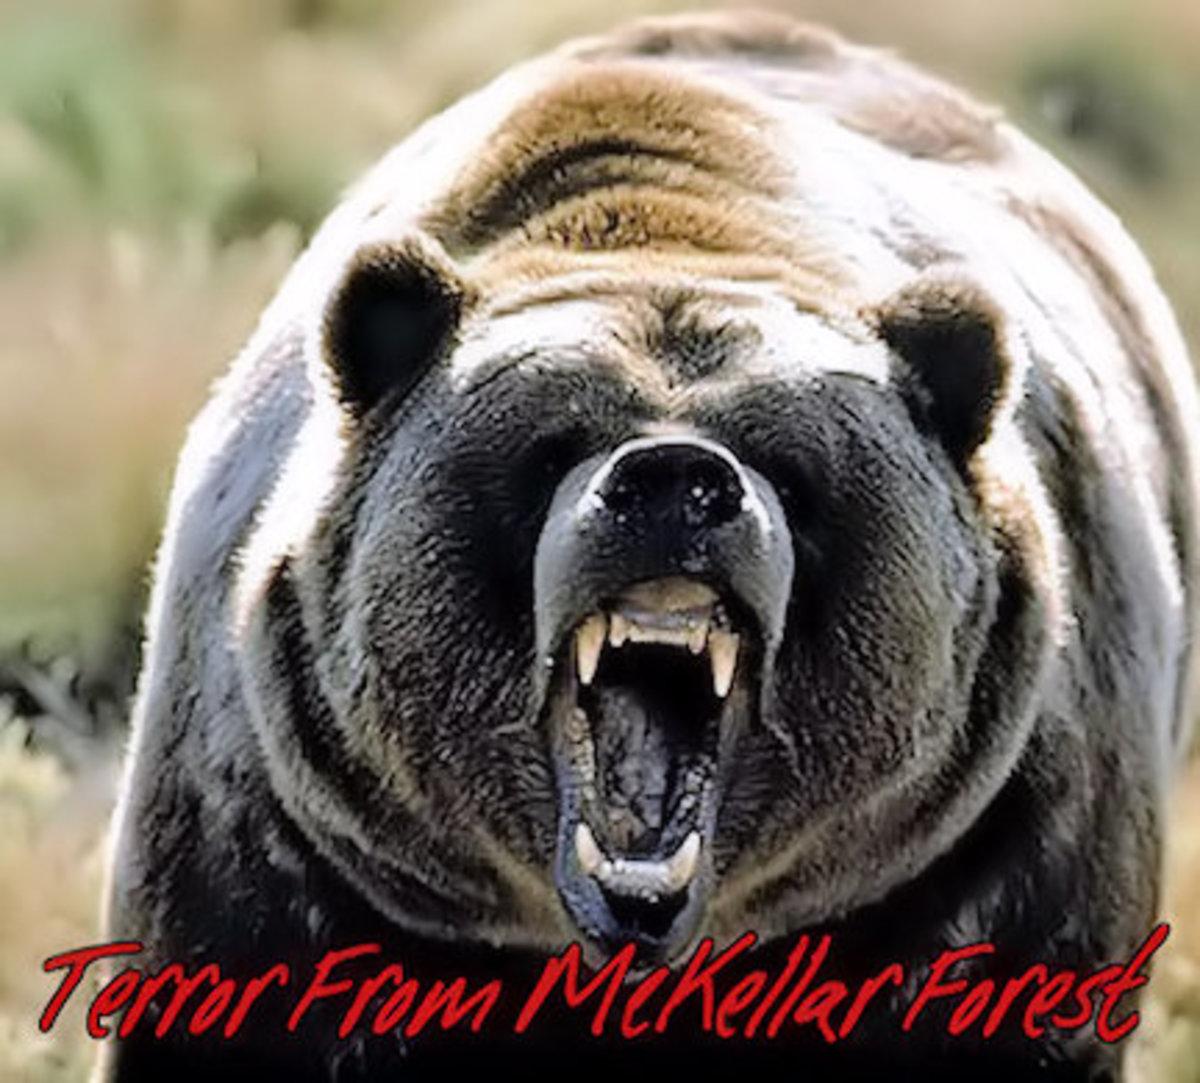 Terror From McKellar Forest 12
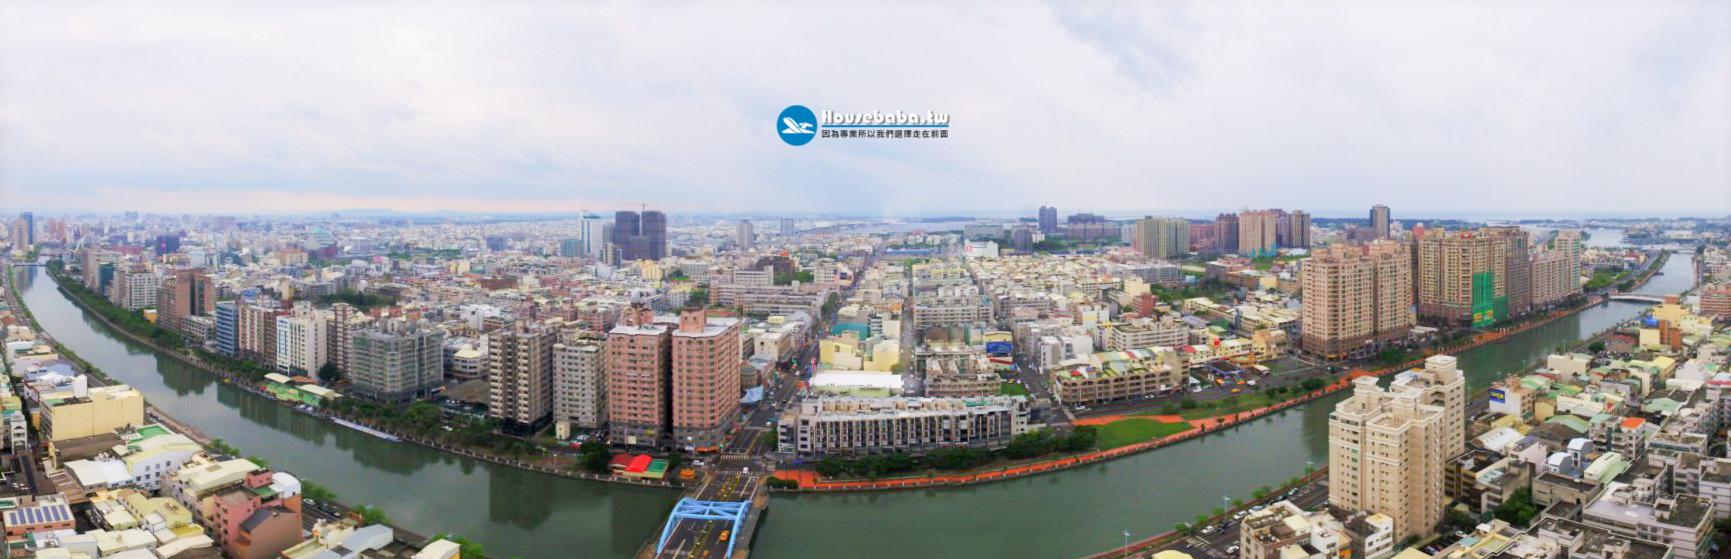 台南要重新站起,中西區要先復興。中國城、海安路府城新軸帶計畫、鐵路地下化、臺南公園永續再生計畫報告
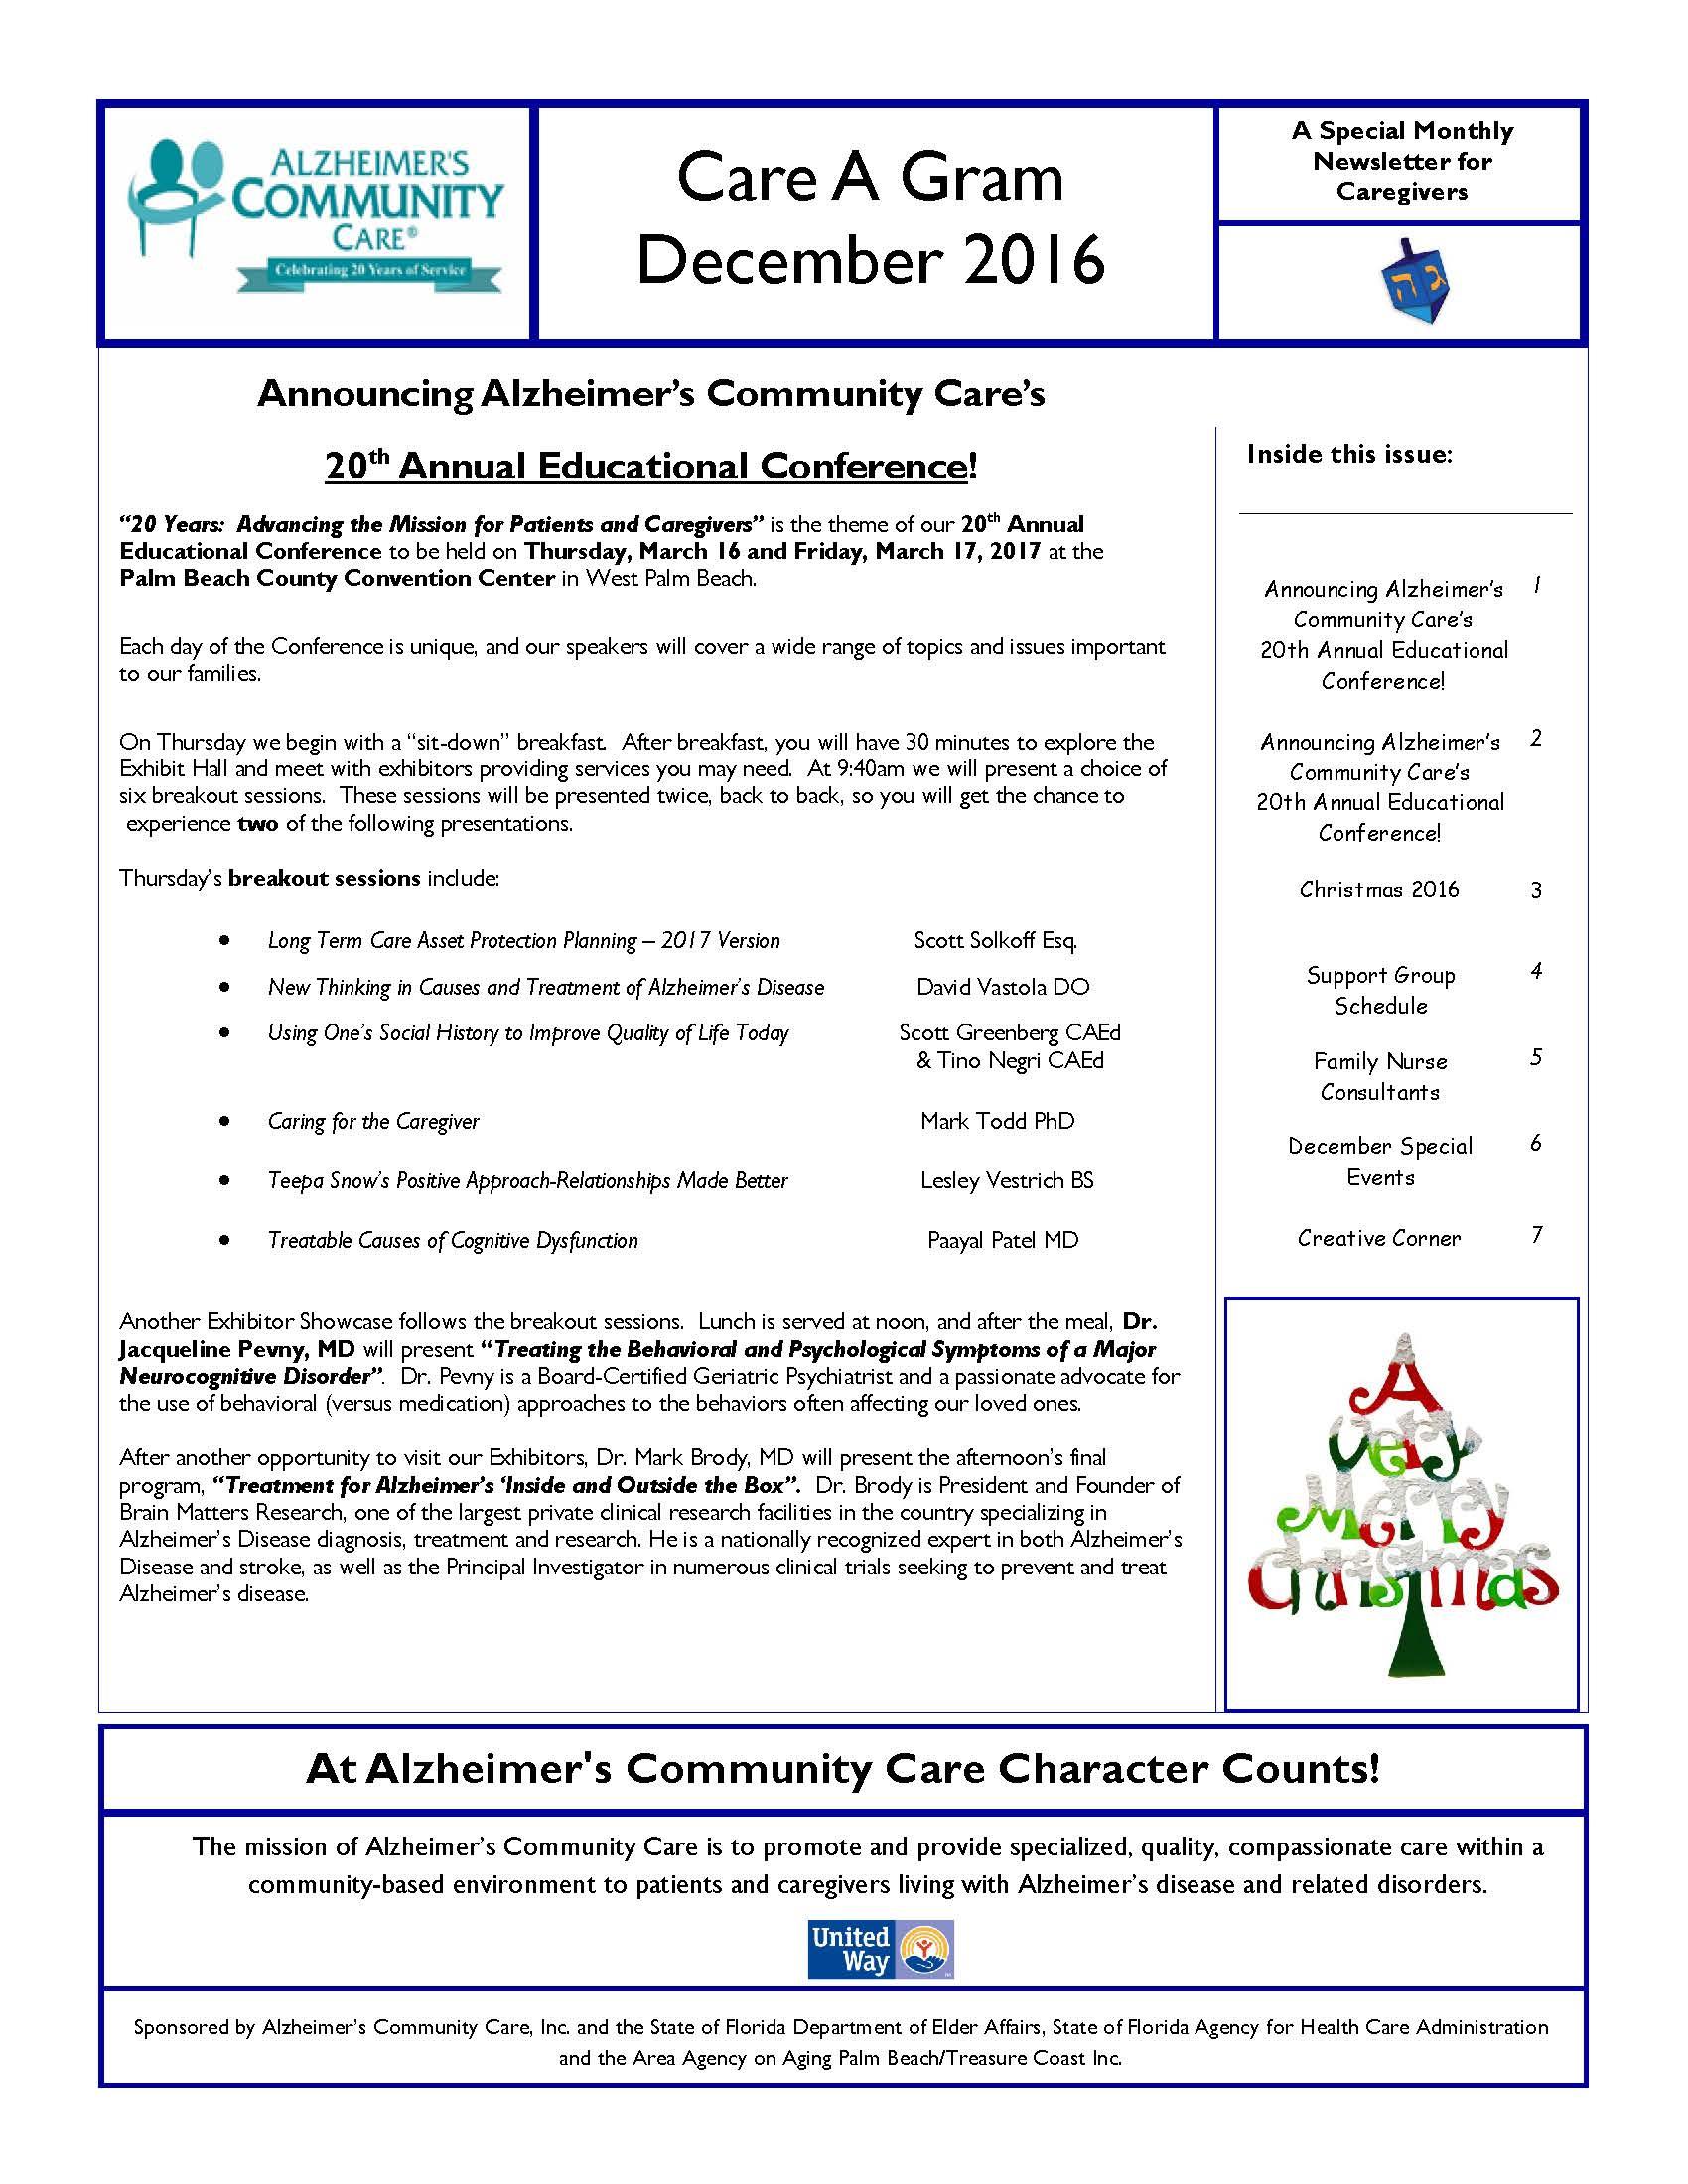 December 2016 Care A Gram
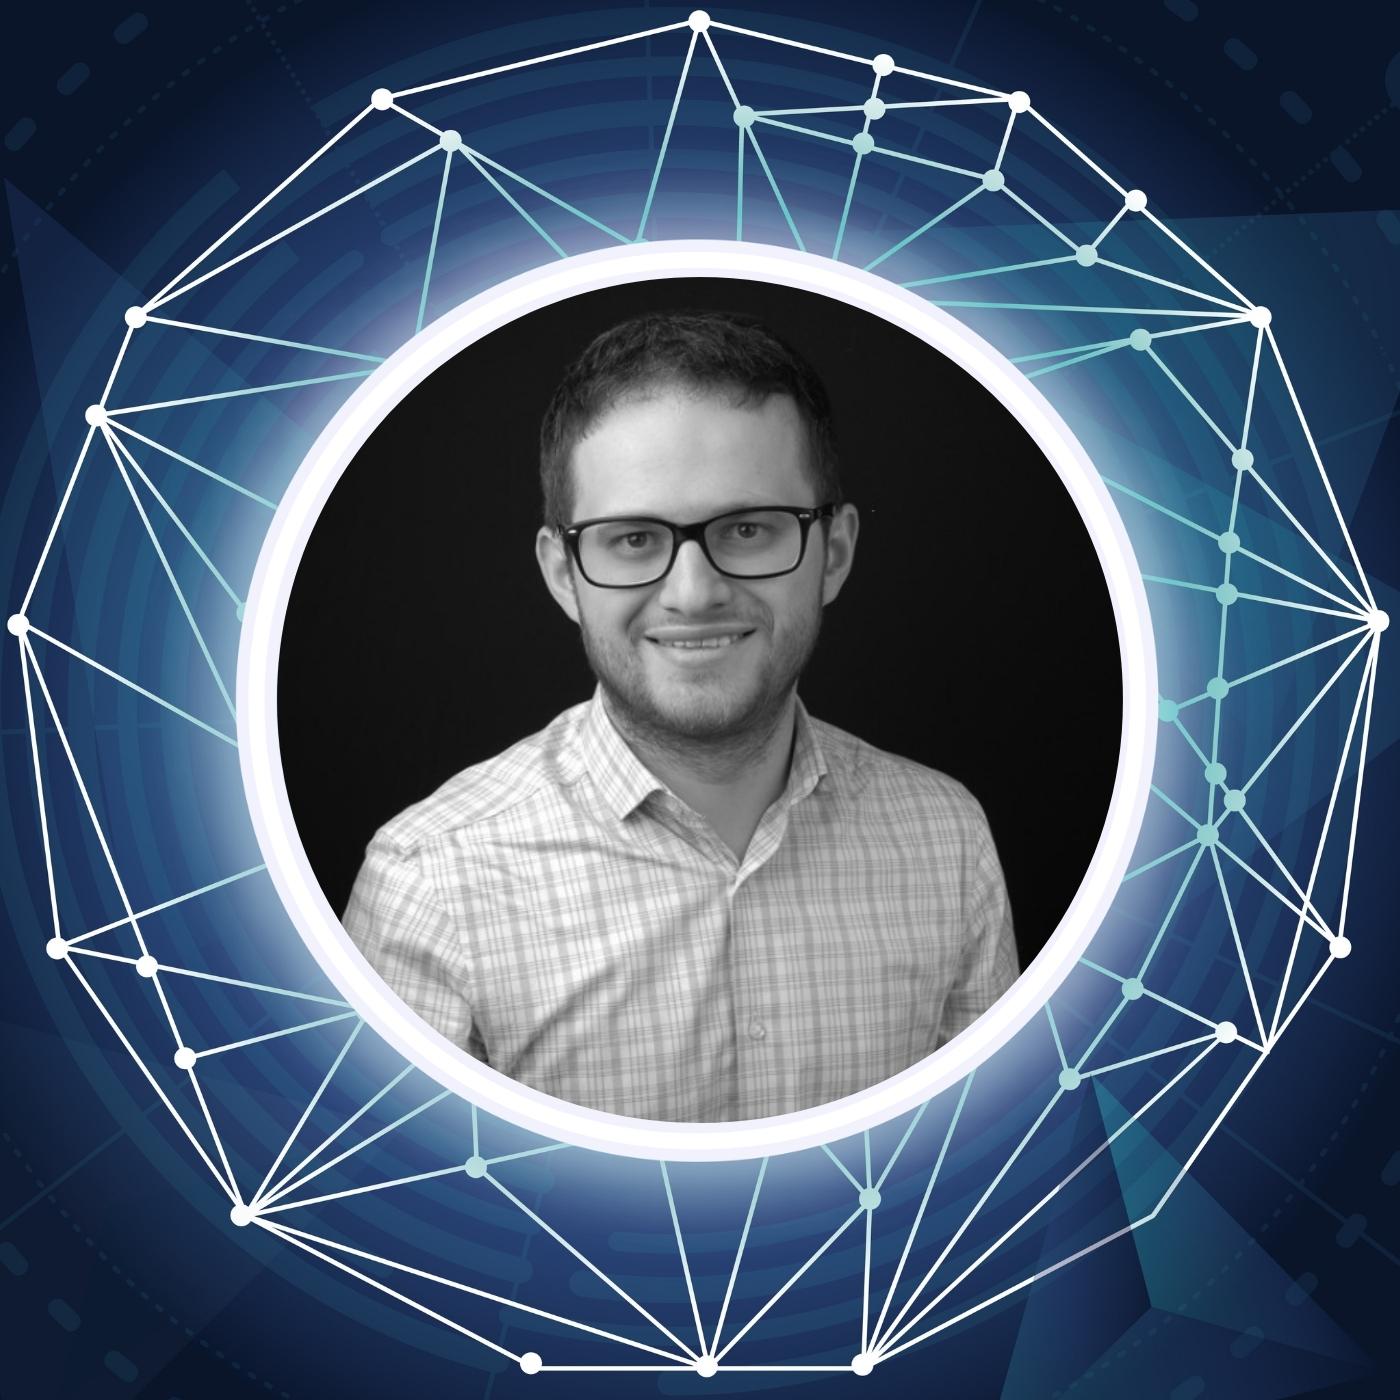 How This Startup Founder Plans To Hit $10 Million - Aleksandr Volodarsky of Lemon.io

⁂

● **EXERCISE OBJECTIVE**:
Extract only the lines from the line containing "台南要重新站起,中西區要先復" through the final line of the listing above, unchanged; pictures stay out of the copy.

● **WORKED SOLUTION**:
 台南要重新站起,中西區要先復興。中國城、海安路府城新軸帶計畫、鐵路地下化、臺南公園永續再生計畫報告
 December 2016 Care A Gram
 How This Startup Founder Plans To Hit $10 Million - Aleksandr Volodarsky of Lemon.io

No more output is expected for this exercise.